The probability density of the p-pulse for a particle is

\(\rho(p)=\frac{1}{4}\frac{a}{\pi\hbar}\Big[\frac{\sin{\frac{pa}{2\hbar}-\frac{n\pi}{2}}}{\frac{pa}{2\hbar}-\frac{n\pi}{2}}+(-1)^{n+1}\frac{\sin{\frac{pa}{2\hbar}+\frac{n\pi}{2}}}{\frac{pa}{2\hbar}+\frac{n\pi}{2}}\Big]^2\)
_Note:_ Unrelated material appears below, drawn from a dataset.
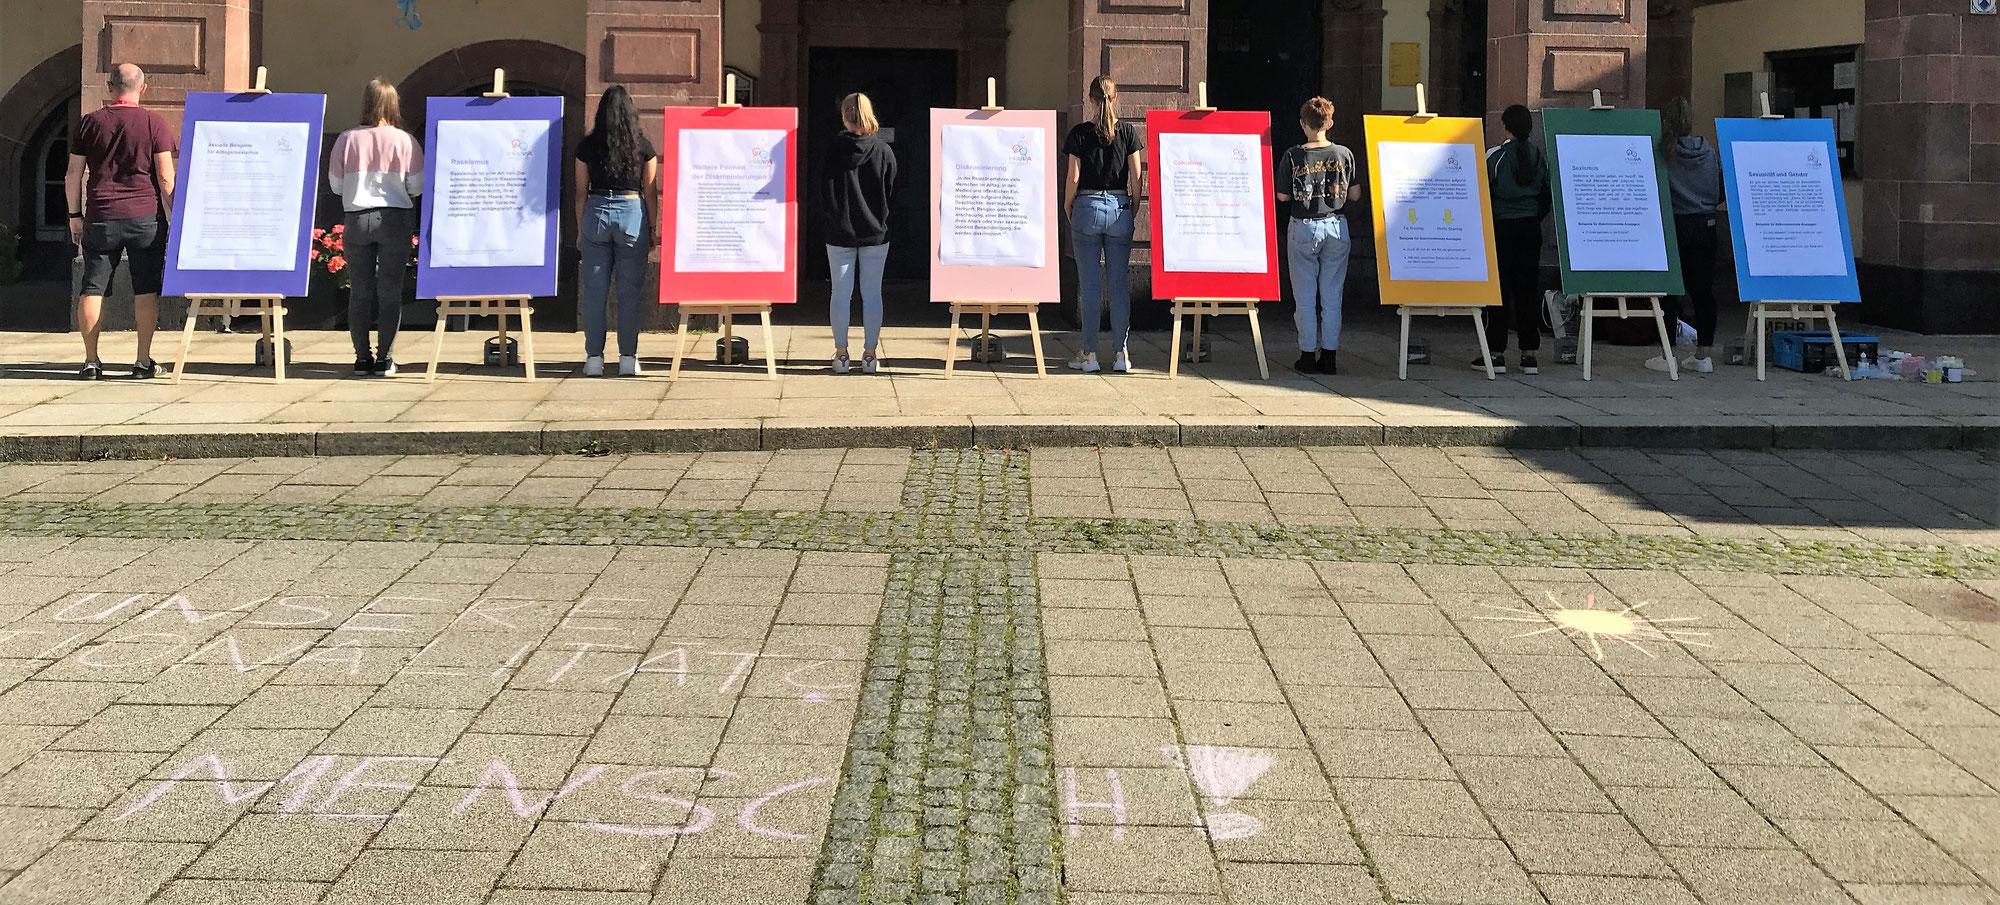 Antidiskriminierungstag des KIJURA Schkeuditz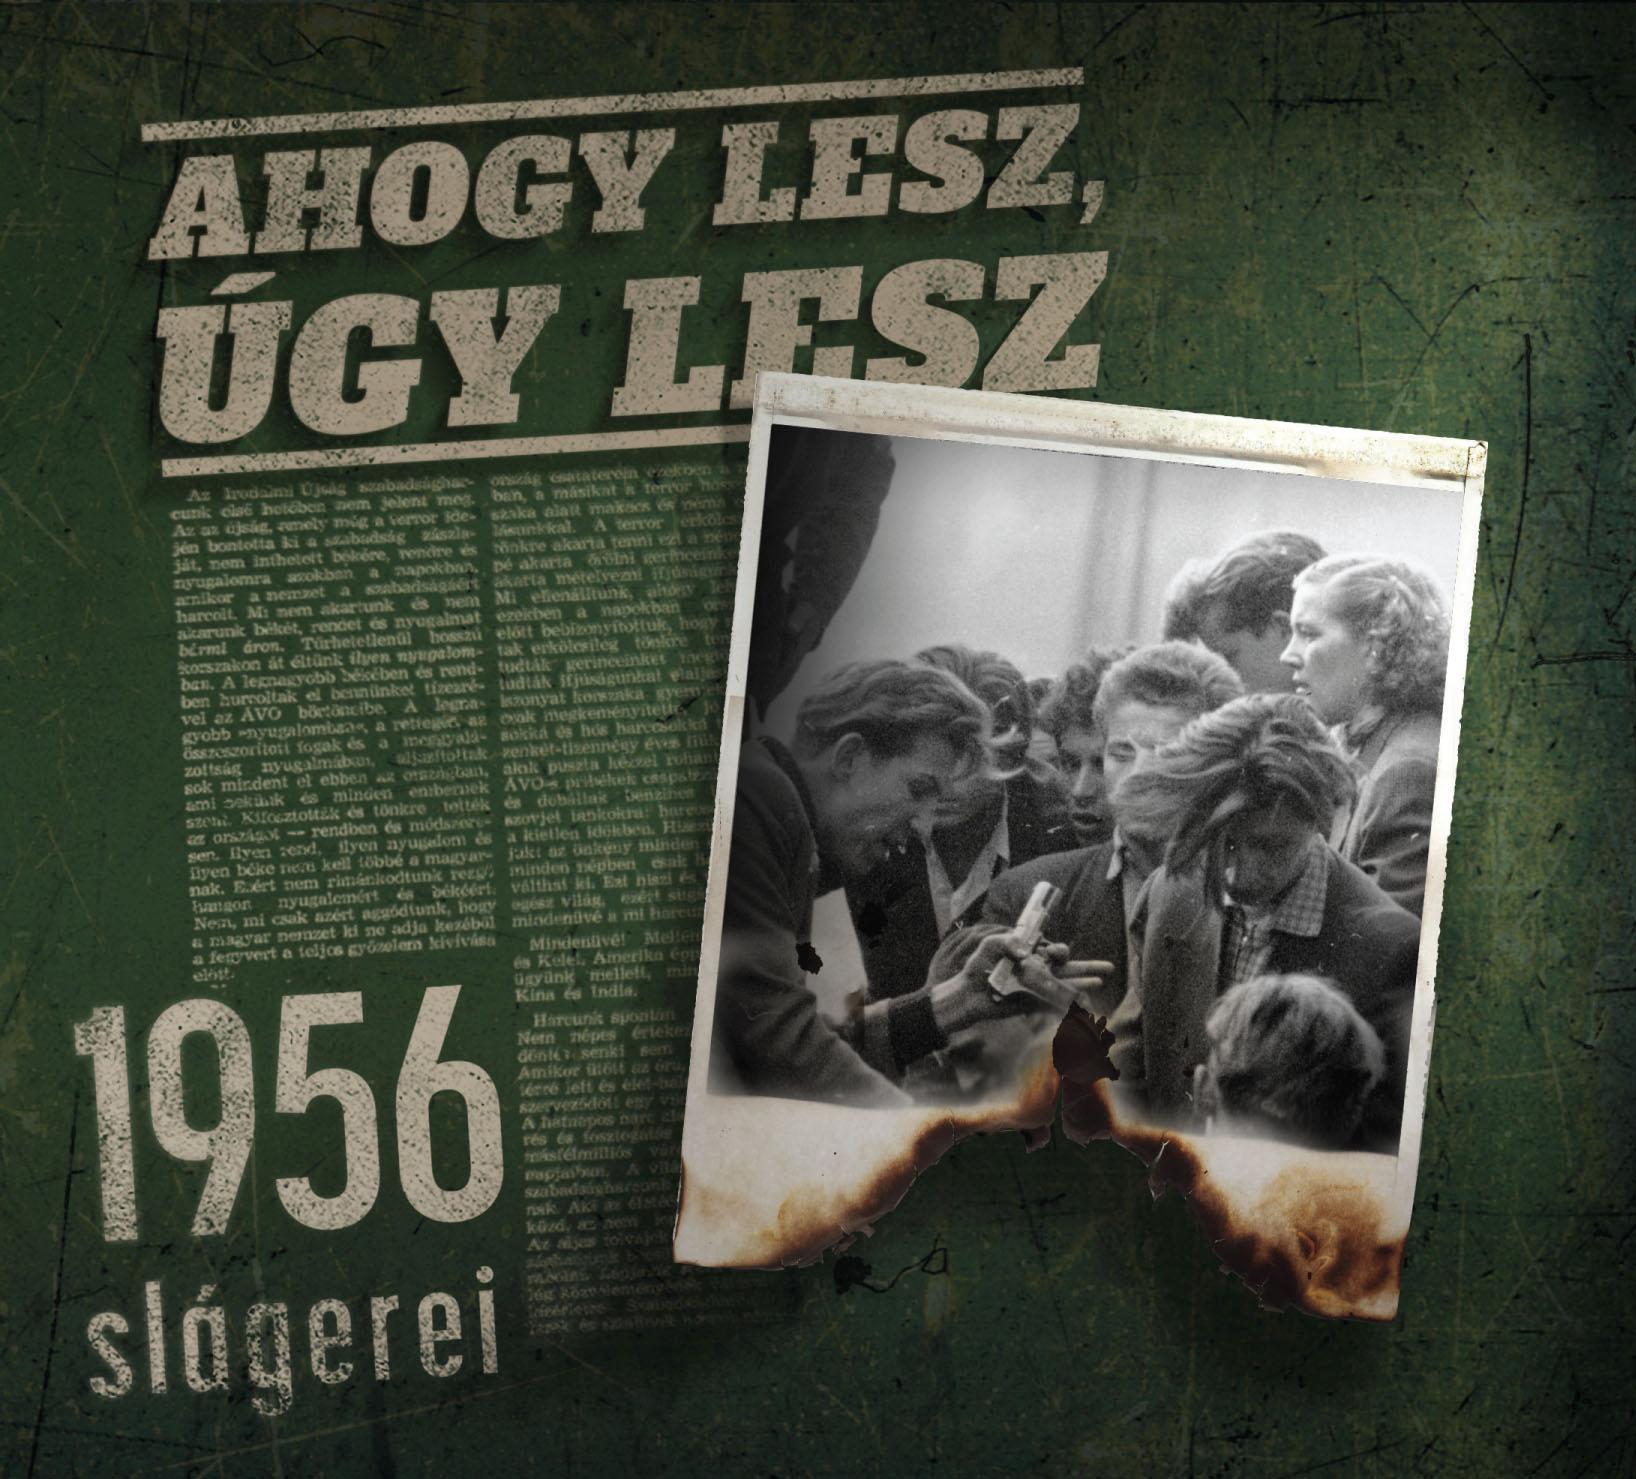 AHOGY LESZ, ÚGY LESZ - 1956 SLÁGEREI - CD - (ÚJ)

Write a program that calculates \(\rho\) with numerical values: a = 1.6, \(\hbar\) = 197, p = 0.07 and for n varying from 1 to \(n_{max}\).

#include <stdio.h>
#include <math.h>
#include <conio.h>
void main()
{
	int n,nmax=10;
	double a,hb,p,pi=acos(-1.),pis2,x,y,u;
	a=1.6; hb=197.; p=0.07;
	pis2=pi/2.;
	x=p*a/2./hb;
	for(n=1;n<=nmax;n++)
	{
		y=n*pis2;
		u=sin(x-y)/(x-y)+pow(-1,n+1)*sin(x+y)/(x+y);
		printf("n=%d rho=%lg\n",n,a/pi/hb/4.*u*u);
	}
	getch();
}